In a Wall Street regulation overhaul plan released last month by Congressional Republicans, the GSEs Fannie Mae, Freddie Mac, and Ginnie Mae would all be sentenced to death. The plan called for a 10 to 15 time frame for winding down the institutions and getting them off the government’s books. This privatization would be welcome, though is too slow for my tastes. The White House left out GSE reform in its plan to overhaul regulation, but has since announced at least an idea, though not quite a plan.
The idea is to take all of the bad mortgage bets the GSEs made and stick them in a bad bank style holding company. This “Baddie Mac” (if you’ll pardon the pun) would work out the toxic debt over time, leaving clean Fannies and Freddies to pursue positive growth again. But this is not privatizing the firms. This reform is keeping the debt in taxpayer hands, the toxic debt worked up overtime by institutions who assumed (correctly) that any failures would be caught by a public security net. Recreating these moral hazards, and letting the private sector invest in them again on the assumption (read: “reality”) that their investment is backed by the full faith and credit of the US government is only going to recreate the problem.
Washington needs to deal honestly with the mortgage originating giants. The GSE model isn’t a good one. It won’t last over time. And it currently is weighing down the entire country (not to mention distorting the housing market).
The reality is Fannie and Freddie are costing the taxpayers a lot of money right now. They should be (but aren’t) listed on the federal balance sheet. They are technically 80% owned by the Federal government with $1.5 trillion pledged as support if necessary. The Wall Street Journal editorialized this morning:
Mr. [Larry] Summers has long said that mixing private profit with public risk is bad policy, and we trust he doesn’t want to repeat the mistake. A starting point for permanent reform would be to treat Fan and Fred, in the budget and on the federal balance sheet, as the government-owned creatures that they are. For the moment, despite 80% government ownership, their $85 billion bailout cost (with more losses to come) and their $5.4 trillion in taxpayer liabilities remain off-balance-sheet in the mold of Enron’s special purpose vehicles or Citigroup’s SIVs.

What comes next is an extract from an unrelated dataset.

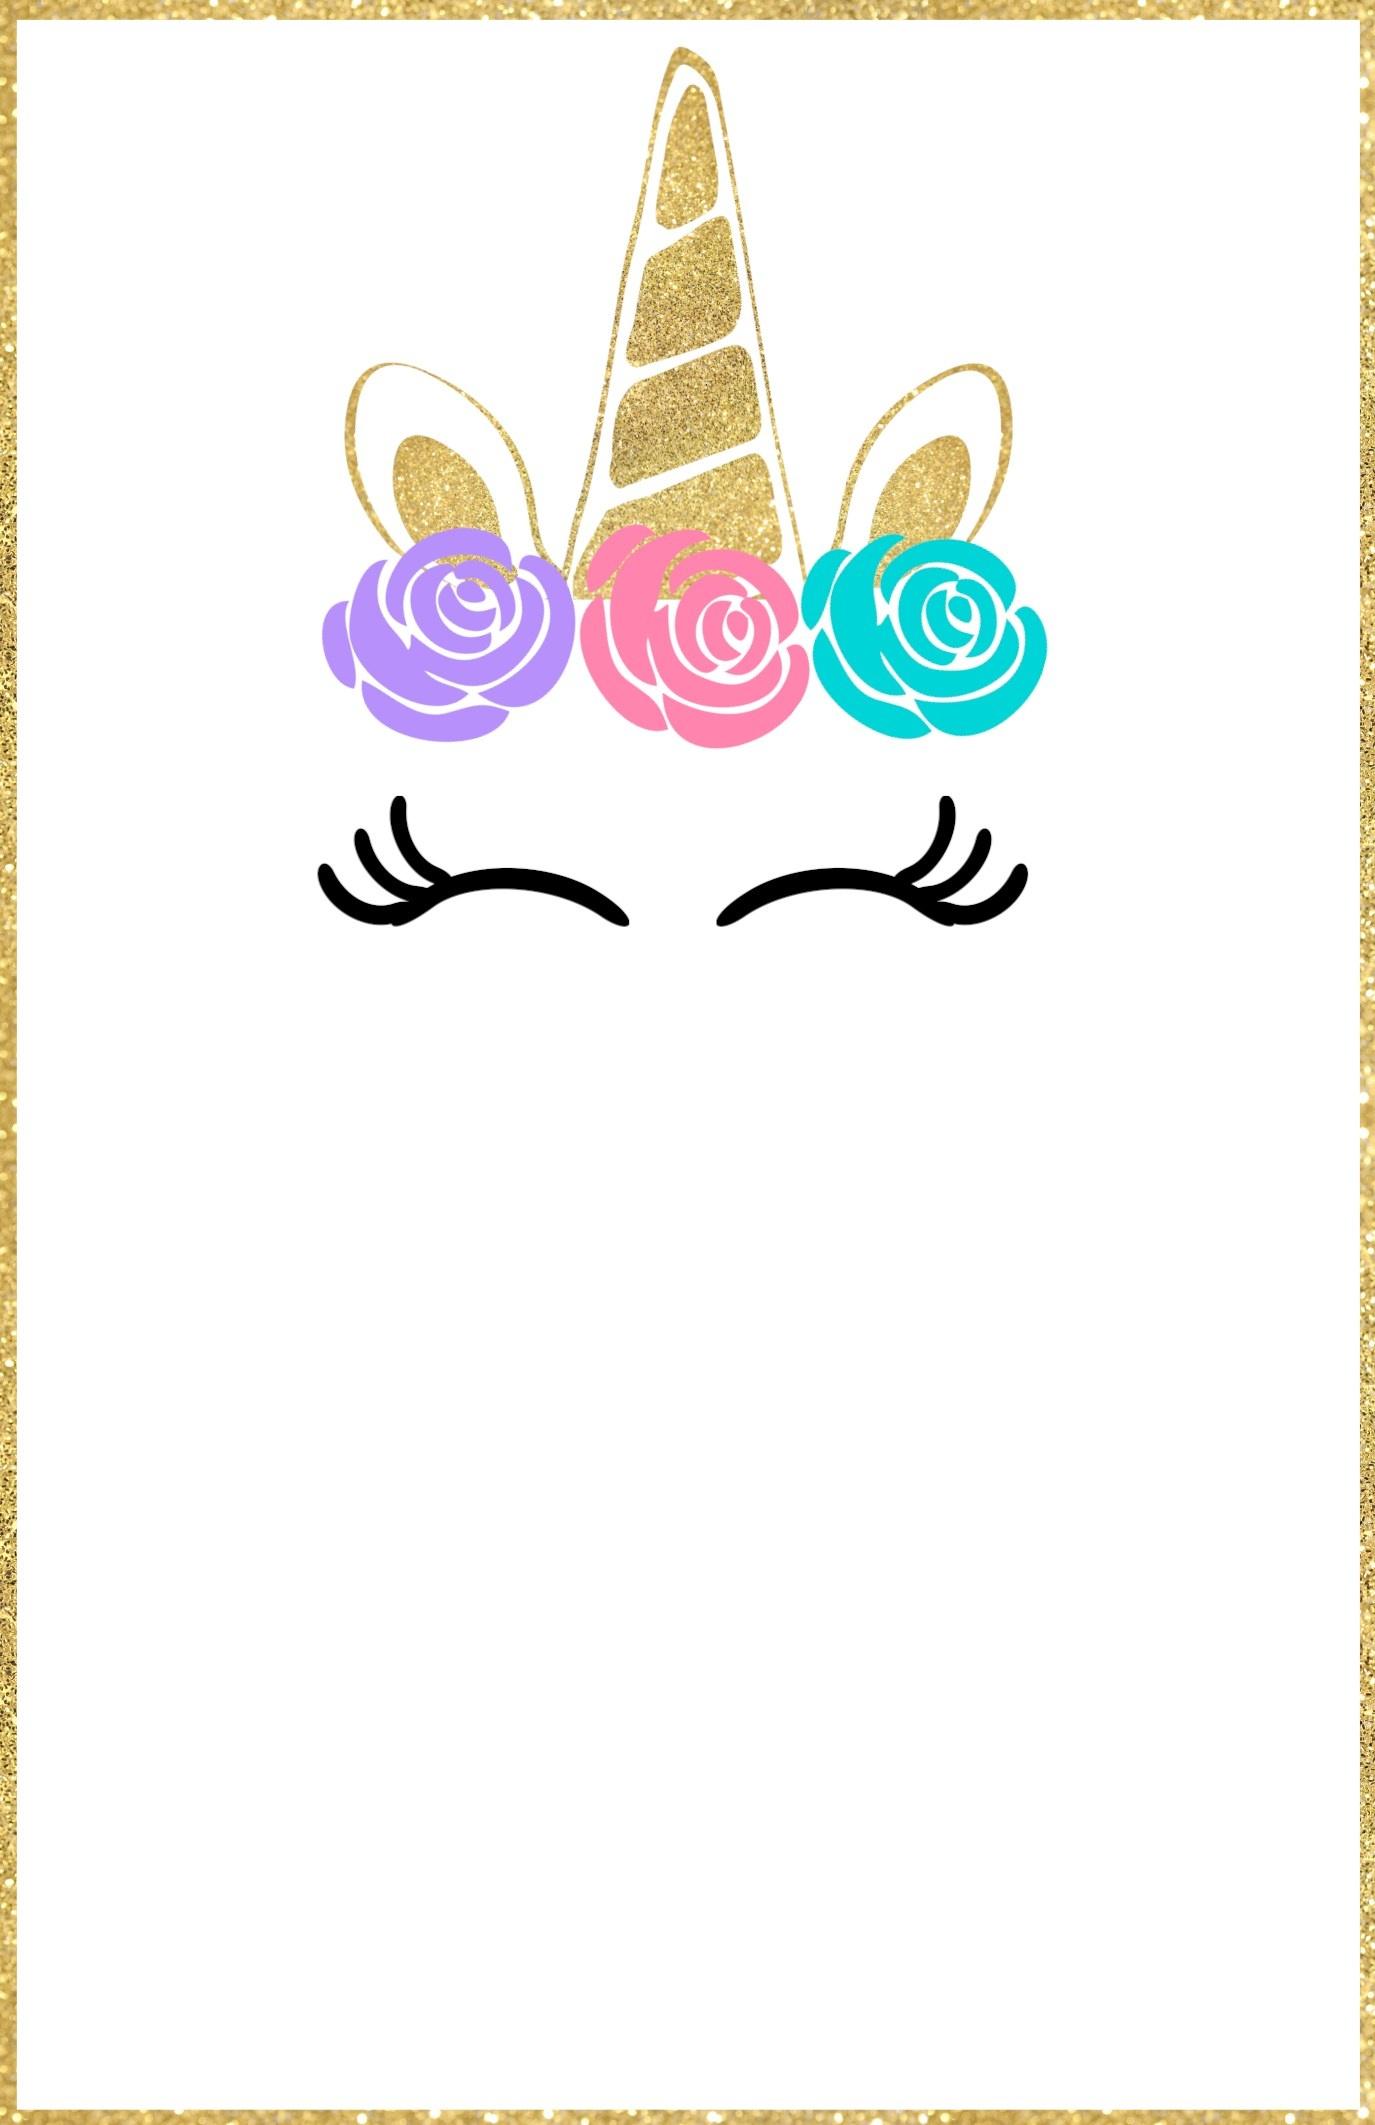 Free Printable Unicorn Invitations Template - Paper Trail Design - Free Printable Unicorn Invitations
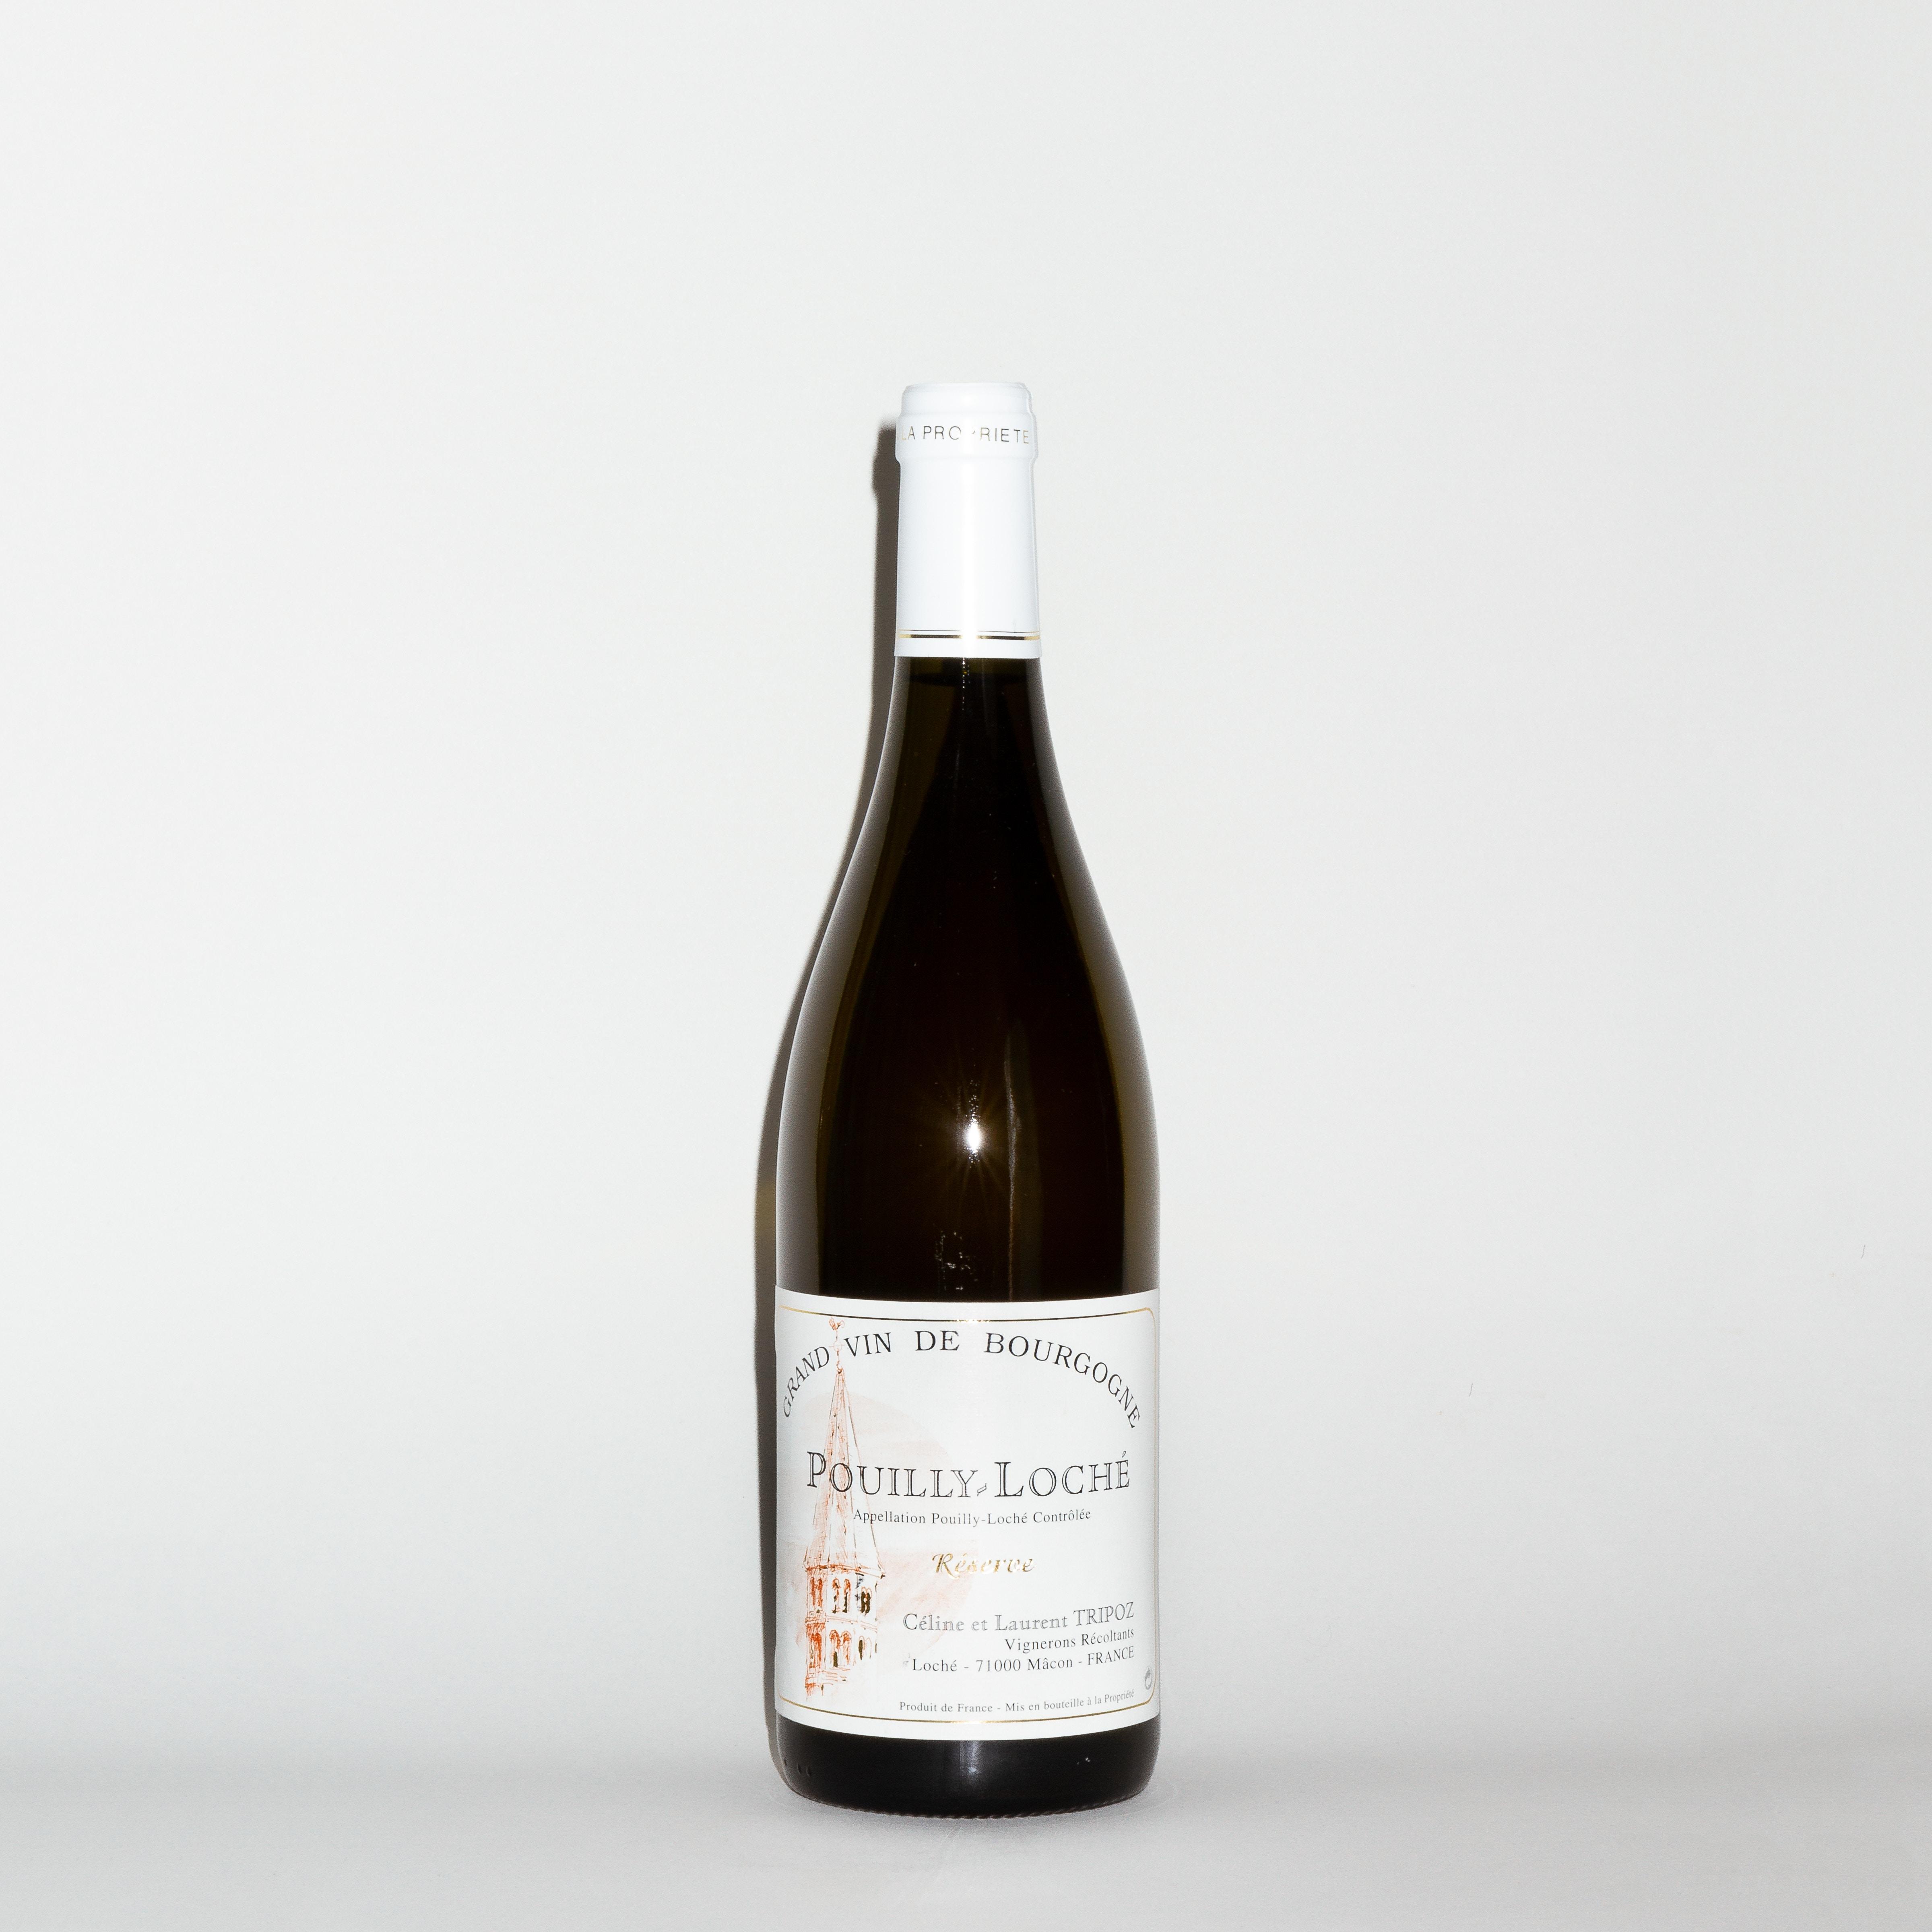 Pouilly-Loché 2009 by Celine & Laurent Tripoz

The politicians who created and pampered Fan and Fred like it that way. They know that offering federal “guarantees” looks much cheaper, in the official accounting, than actual outlays. But whether it’s Fan and Fred, or the Pension Benefit Guaranty Corporation or the Federal Housing Administration, these deferred promises seem to come due sooner or later. Perhaps the politicians would be less profligate in issuing such guarantees if they had to admit the cost up front.
Putting Fannie and Freddie on the national books would in an instant increase the national debt held by the public by 75%—to $12.7 trillion, from $7.3 trillion today. The nearby chart shows that this takes debt as a share of GDP to nearly 90%, or nearly double the peak it reached in the 1980s when the political class was hyperventilating even as the Reagan deficits were falling as a share of GDP. Congress would have to add that $5.4 trillion to the increase in the federal debt limit that Treasury Secretary Timothy Geithner is now requesting. But that would be truth-in-budgeting. Wall Street has sold Fannie paper to the world as if it were as taxpayer guaranteed as Treasury bills, and now we know it is.
Reform starts with addressing the GSEs straight up. They are a part of the government’s budget problem right now. And shifting around the bad debt only creates more columns on the national balance sheet—it doesn’t make the problem go away. Breaking up the GSEs and selling off their parts to the private sector does relieve the burden on the taxpayers. The administration, and in particular OMB director Peter Orszag, should seriously consider adjusting the accounting practice for this debt and emphasize just how big this problem is. Then maybe some real reform can come.